Convergent evolution occurs when similar environmental pressures produce similar adaptations in organisms from different evolutionary lineages. For example, the wings of insects, birds, and bats are similar in structure and share the same function — but evolved independently. In the same way, changes occurring among health systems across the world can be viewed through the lens of convergent evolution.
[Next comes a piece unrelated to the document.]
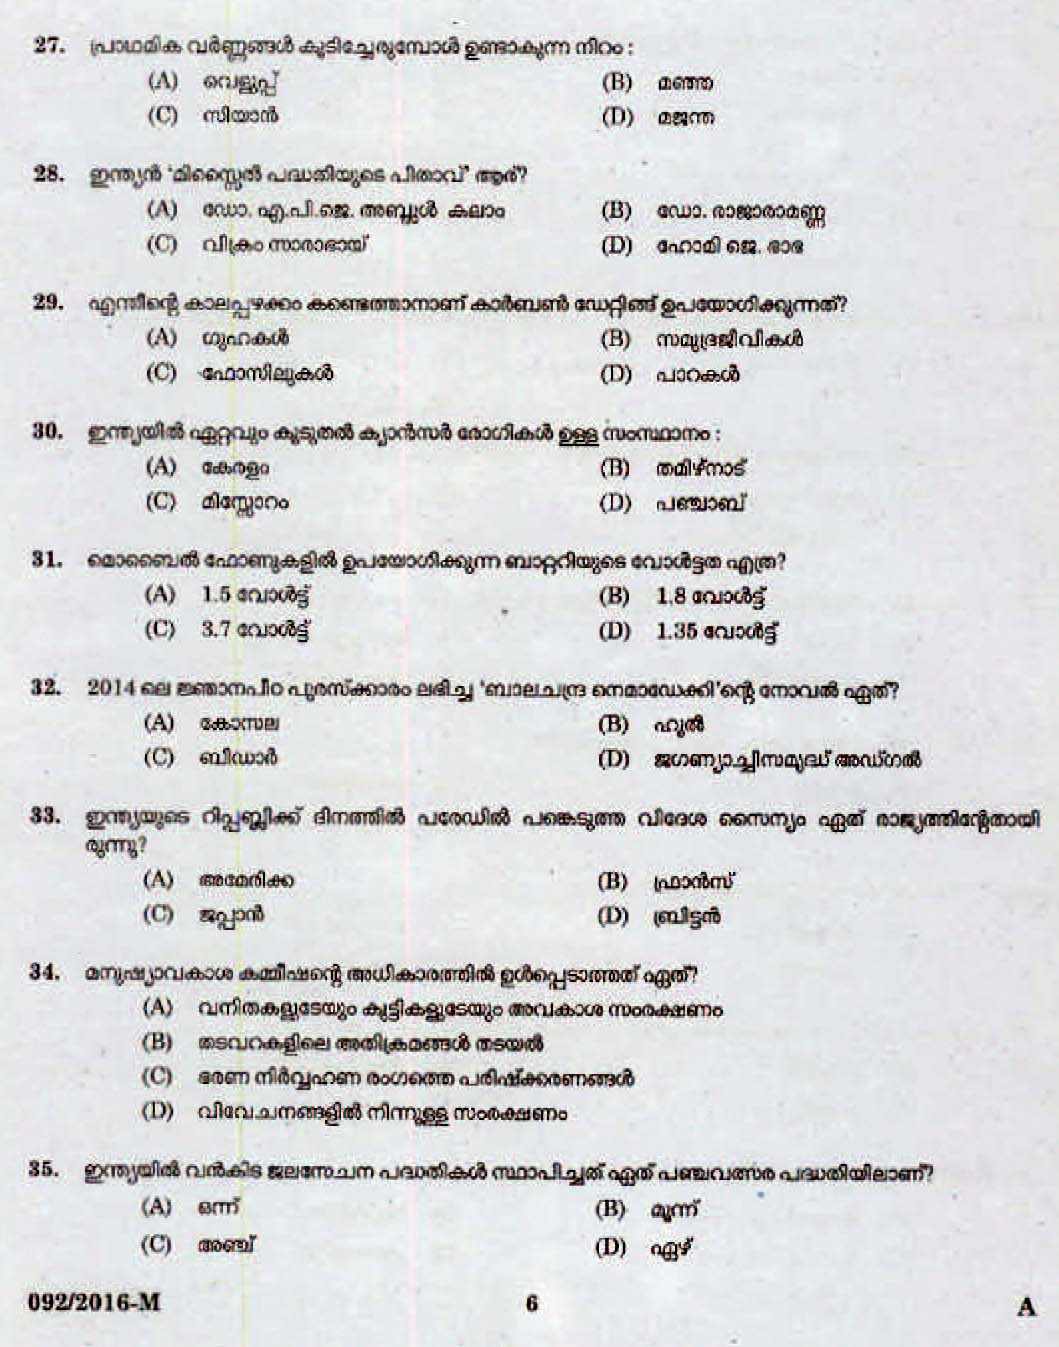 LD Clerk Question Paper Malayalam 2016 Paper Code 0922016 M 4

The environmental pressures shaping health system design span shifting pathologies and shifting political priorities. Between 1990 and 2016, noncommunicable diseases such as cancers and mental illness became the greatest cause of disease burden worldwide, as measured by disability-adjusted life years, a trend likely to continue due to aging populations. Growing evidence demonstrates that social determinants of health, such as housing and education, are at least as important as medical services in generating health outcomes. At the same time, financing for health is moving from paying for services rendered to channeling spending according to effectiveness in improving outcomes. Finally, a commitment to universal health coverage (UHC) — individuals and communities receiving the health services they need without suffering financial hardship — has gained momentum, with all United Nations member states pursuing UHC by 2030 as part of the Sustainable Development Goals.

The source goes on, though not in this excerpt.